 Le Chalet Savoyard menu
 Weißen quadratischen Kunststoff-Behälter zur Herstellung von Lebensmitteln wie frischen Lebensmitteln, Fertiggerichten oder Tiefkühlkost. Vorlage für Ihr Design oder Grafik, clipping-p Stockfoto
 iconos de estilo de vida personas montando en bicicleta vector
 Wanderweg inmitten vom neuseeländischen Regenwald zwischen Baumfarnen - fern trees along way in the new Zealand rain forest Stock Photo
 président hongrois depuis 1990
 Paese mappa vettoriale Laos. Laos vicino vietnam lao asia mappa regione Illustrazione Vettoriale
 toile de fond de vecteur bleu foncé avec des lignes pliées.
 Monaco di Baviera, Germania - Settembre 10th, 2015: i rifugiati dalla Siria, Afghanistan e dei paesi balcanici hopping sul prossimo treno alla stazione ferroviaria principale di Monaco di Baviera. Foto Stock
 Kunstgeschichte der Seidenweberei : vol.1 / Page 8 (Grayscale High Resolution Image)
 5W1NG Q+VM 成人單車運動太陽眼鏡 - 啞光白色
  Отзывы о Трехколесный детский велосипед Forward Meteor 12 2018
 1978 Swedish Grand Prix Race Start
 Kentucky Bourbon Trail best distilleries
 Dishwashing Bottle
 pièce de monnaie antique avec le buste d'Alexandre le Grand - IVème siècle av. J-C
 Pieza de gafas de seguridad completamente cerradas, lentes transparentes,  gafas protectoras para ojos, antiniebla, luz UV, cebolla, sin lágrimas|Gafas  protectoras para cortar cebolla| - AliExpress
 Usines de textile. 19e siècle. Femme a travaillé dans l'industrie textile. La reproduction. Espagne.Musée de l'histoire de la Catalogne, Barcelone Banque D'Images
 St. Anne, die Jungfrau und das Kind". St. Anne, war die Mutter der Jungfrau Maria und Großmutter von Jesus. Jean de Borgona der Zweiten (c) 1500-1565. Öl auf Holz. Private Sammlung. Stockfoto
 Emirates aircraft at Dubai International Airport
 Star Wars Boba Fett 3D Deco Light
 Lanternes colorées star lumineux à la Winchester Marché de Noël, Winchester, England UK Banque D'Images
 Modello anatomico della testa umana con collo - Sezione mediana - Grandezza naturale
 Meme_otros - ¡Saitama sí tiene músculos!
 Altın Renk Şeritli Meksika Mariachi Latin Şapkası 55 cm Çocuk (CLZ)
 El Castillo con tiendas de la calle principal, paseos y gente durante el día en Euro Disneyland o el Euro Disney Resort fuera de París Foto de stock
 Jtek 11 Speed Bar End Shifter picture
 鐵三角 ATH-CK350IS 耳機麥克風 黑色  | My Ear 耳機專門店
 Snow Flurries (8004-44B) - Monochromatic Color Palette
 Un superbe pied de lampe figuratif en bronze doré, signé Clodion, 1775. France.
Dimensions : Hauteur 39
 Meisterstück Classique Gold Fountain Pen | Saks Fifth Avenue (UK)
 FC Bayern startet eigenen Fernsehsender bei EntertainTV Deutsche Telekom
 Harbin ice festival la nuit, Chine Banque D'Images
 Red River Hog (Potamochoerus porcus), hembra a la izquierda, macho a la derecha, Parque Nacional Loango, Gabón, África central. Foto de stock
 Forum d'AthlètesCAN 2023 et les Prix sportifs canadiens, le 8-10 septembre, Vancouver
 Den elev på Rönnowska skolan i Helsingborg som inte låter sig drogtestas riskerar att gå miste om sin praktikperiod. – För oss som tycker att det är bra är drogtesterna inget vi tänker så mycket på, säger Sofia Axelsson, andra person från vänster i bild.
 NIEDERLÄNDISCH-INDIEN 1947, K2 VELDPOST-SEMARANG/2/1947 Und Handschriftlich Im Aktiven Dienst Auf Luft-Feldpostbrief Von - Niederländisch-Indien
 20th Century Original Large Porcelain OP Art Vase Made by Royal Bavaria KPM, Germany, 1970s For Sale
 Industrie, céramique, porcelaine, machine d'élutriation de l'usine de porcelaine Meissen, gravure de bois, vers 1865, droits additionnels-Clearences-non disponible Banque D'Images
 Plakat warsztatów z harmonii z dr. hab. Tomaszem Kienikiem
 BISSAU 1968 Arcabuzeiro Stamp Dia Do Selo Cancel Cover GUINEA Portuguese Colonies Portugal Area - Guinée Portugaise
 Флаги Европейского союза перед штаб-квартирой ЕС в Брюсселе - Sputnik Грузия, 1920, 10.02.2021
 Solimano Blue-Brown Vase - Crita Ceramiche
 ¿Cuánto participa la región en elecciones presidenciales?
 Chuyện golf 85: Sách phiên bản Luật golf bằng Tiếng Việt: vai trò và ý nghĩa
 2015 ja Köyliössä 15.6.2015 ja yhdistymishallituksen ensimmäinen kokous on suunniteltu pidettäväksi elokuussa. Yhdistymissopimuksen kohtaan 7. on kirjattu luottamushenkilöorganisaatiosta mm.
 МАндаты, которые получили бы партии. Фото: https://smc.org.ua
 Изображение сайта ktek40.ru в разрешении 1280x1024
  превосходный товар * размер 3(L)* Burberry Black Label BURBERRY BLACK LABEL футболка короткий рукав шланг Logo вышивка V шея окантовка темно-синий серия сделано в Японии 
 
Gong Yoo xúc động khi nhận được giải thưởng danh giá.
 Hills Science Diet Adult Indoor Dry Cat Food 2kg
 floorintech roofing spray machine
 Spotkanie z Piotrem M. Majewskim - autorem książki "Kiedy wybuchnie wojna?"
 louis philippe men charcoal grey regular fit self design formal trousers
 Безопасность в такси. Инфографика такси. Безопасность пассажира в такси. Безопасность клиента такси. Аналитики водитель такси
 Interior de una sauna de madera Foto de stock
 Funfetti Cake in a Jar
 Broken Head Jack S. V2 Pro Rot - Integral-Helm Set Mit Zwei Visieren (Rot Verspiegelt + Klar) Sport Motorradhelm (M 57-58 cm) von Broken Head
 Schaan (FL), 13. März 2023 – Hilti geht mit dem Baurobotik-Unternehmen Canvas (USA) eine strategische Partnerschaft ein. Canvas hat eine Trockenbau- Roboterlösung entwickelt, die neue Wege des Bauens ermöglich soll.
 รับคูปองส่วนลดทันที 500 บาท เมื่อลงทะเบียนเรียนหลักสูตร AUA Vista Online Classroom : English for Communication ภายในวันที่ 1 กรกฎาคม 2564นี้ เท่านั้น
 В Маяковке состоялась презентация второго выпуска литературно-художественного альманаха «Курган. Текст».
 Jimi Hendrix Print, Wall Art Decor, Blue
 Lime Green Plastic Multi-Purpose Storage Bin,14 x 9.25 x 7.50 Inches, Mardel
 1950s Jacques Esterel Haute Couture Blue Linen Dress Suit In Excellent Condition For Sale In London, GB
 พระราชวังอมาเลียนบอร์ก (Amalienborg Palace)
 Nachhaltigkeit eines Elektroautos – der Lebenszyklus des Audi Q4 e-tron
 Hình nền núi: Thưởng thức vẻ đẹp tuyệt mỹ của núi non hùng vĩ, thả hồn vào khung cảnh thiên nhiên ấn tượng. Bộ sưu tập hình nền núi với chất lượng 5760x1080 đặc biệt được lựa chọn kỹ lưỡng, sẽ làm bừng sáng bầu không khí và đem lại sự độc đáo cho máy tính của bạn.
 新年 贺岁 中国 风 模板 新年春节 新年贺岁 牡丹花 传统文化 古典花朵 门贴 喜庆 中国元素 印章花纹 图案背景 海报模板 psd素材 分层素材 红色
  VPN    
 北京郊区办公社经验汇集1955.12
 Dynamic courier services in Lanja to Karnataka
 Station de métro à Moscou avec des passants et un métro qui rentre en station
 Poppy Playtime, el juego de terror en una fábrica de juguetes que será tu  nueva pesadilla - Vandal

■ **Problem to solve**: Within the data above, the span starting at the line containing "5W1NG Q+VM 成人單車運動太陽眼鏡 - 啞光白色" and ending at the line containing "Pieza de gafas" is to be retyped exactly, with no other lines.

■ **Response to this task**:
 5W1NG Q+VM 成人單車運動太陽眼鏡 - 啞光白色
  Отзывы о Трехколесный детский велосипед Forward Meteor 12 2018
 1978 Swedish Grand Prix Race Start
 Kentucky Bourbon Trail best distilleries
 Dishwashing Bottle
 pièce de monnaie antique avec le buste d'Alexandre le Grand - IVème siècle av. J-C
 Pieza de gafas de seguridad completamente cerradas, lentes transparentes,  gafas protectoras para ojos, antiniebla, luz UV, cebolla, sin lágrimas|Gafas  protectoras para cortar cebolla| - AliExpress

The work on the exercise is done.